This one actually has 3 parallel queues with different priorities and steers packets into these based on DSCP values (too lazy to look up which by default)

Generally seems to be much less computationally demanding than cake... if you capture that in the overhead row, maybe set this to moderate or even low and set cake to High?

as typical use case maybe add "home network wan interface"...

1 Like

I created it.

great summaries. The author of sfq was involved in fq_codel's development. By default SFQ has a short (128 packet) tail drop queue, which works pretty well up until you start cracking 100mbit, and as best as I recall, about 200mbit and 20ms rtt it started falling apart. SFQ is pretty ideal below 4mbit. If you add more depth to support higher bandwidths you get into a situation where with two flows, you have a huge queue, or with dozens, one that is too short, which is why an AQM was also needed.

SFQRED was my pride and joy and was the first successful combination of a FQ system and an AQM... It was marvelous! wonderful! world-shaking! for about 2 months before codel came out.
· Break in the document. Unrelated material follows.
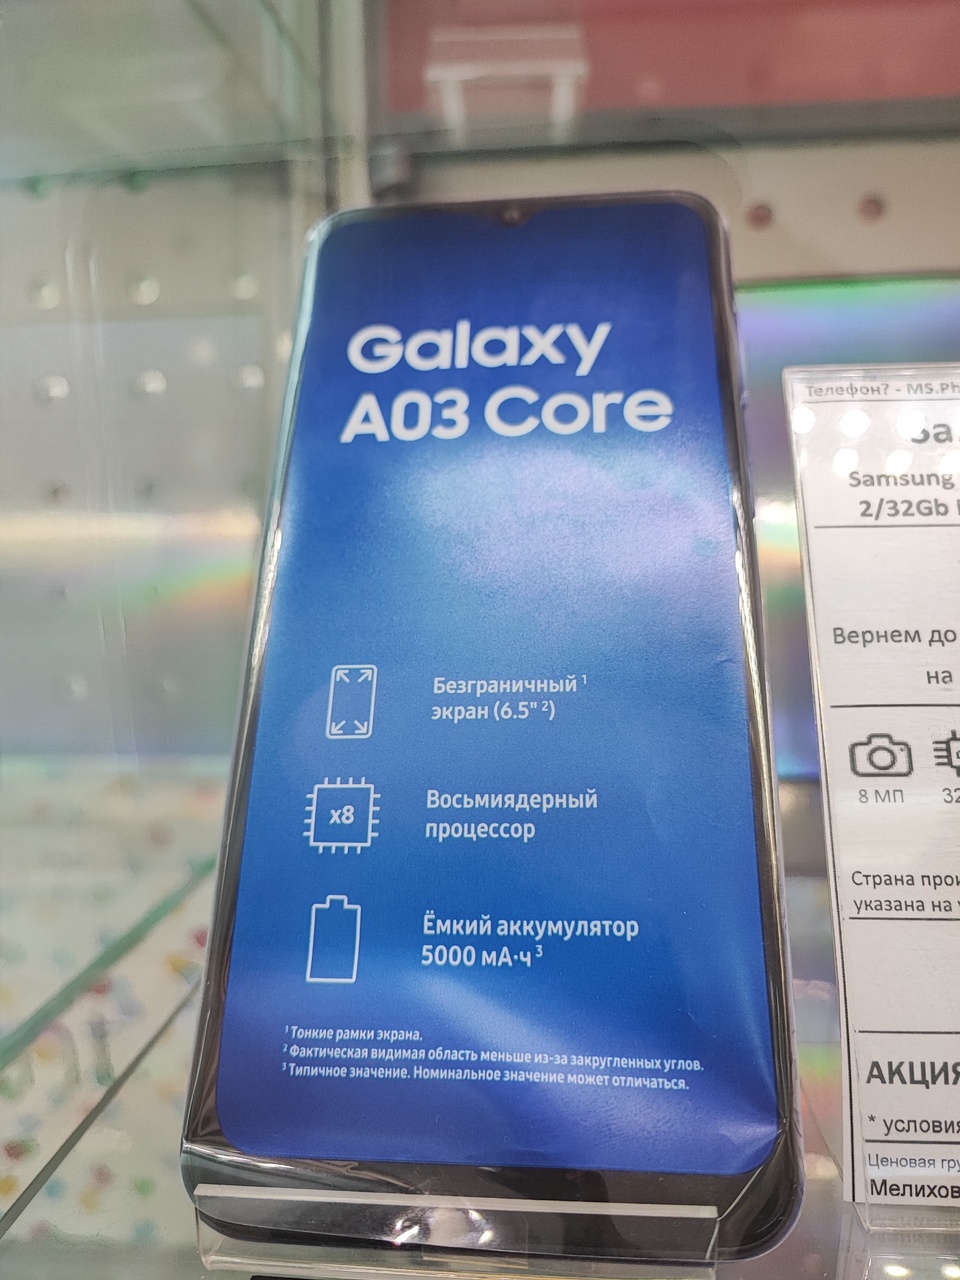 Samsung A03 Core 32gb - 9 490 ₽, заказать онлайн.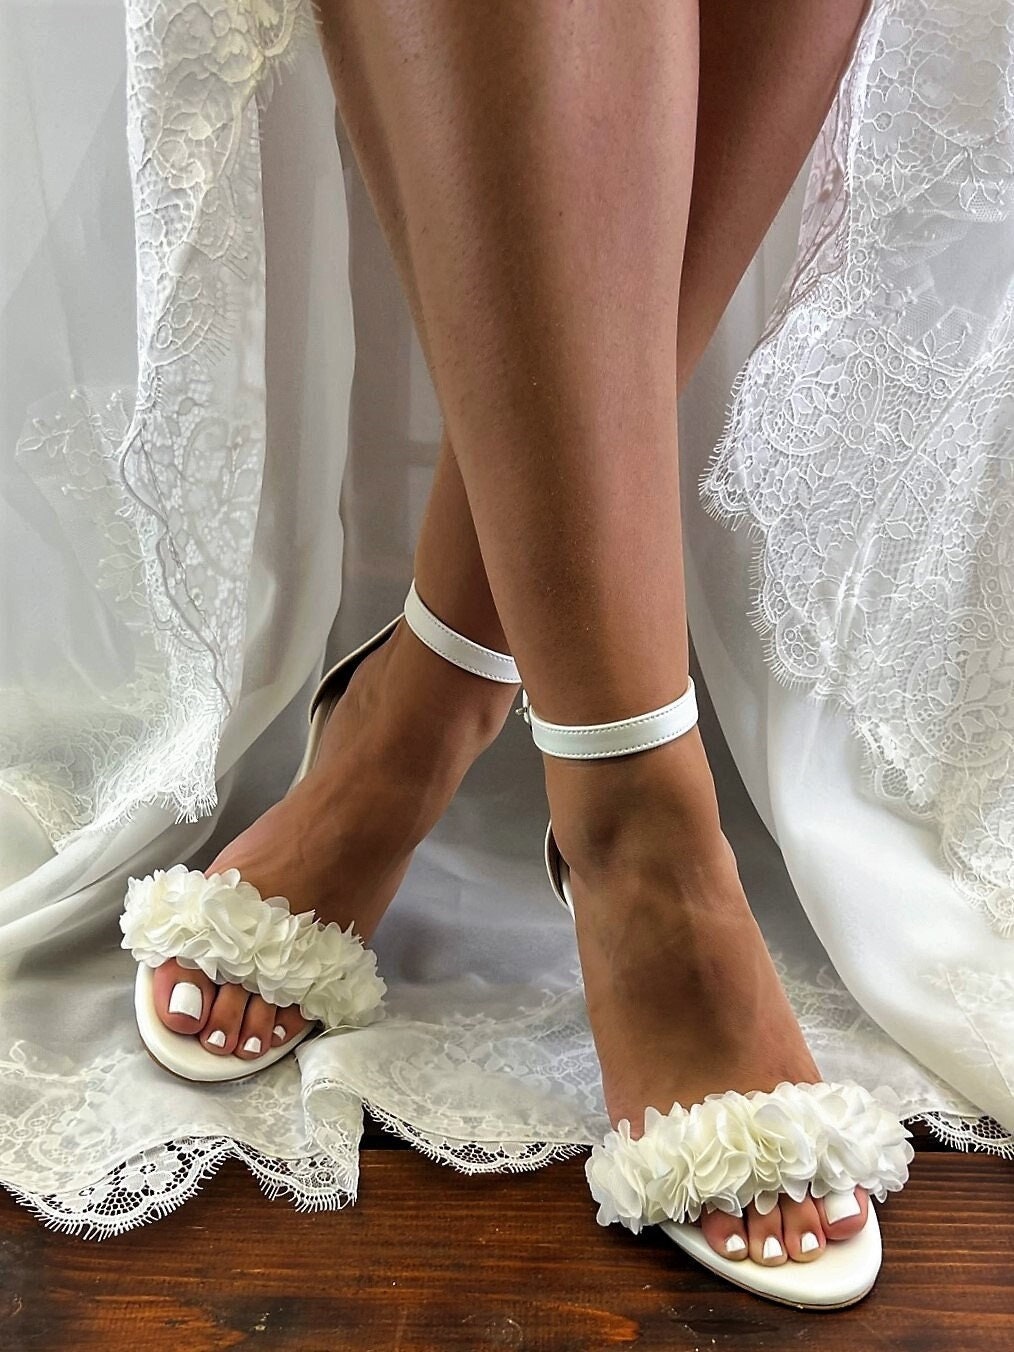 Bling Gems Wedding shoes Bridal bridesmaids flats low high heel pump wedge  5-12 | eBay

I still wish I'd written a paper on it. We also added drop head to sfq but it proved unstable and could starve, fixed by fq_codel's once' around the empty flows approach to garuntee service to fatter flows.

fq_codel is a derivative of DRR (byte based) rather than SFQ (packet based), because in general it seems to be more fair, and "SQF" was patented. By default it scales from 4mbit to 40Gbit without tuning, although openwrt is trimming it down to 4MB where in an age of 2.5 and 10gbit it should be at least double that. (for x86 platforms its set to 32MB)

To this day I do not understand how hfsc works and haver never seen a benchmark on it that made a measurable difference vs htb. I long for someone to prove to me why hfsc feels better to some.

HTB and CAKE are easier to reason about. HFSC was also very crashy, which is why we dropped it from SQM back in 2015, although that bug was fixed a few years later.

Anyone who says SFQ is better than fq_codel is not measuring the right things. Most people don't try to measure rtt-fairness, for example, when you have one high rtt flow vs one short one, where the fq and aqm interact. There are others like page load time, interactions with voip and videoconferencing traffic, worth testing when trialing a new qdisc - especially emulating real rtts! At short rtts everything looks ok....

Aside from adding an orgy of additional complexity and subtle new bugs, I am not sure why y'all are fiddling with this?

3 Likes

This thread was ongoing as more of a round-a-bout educational thread.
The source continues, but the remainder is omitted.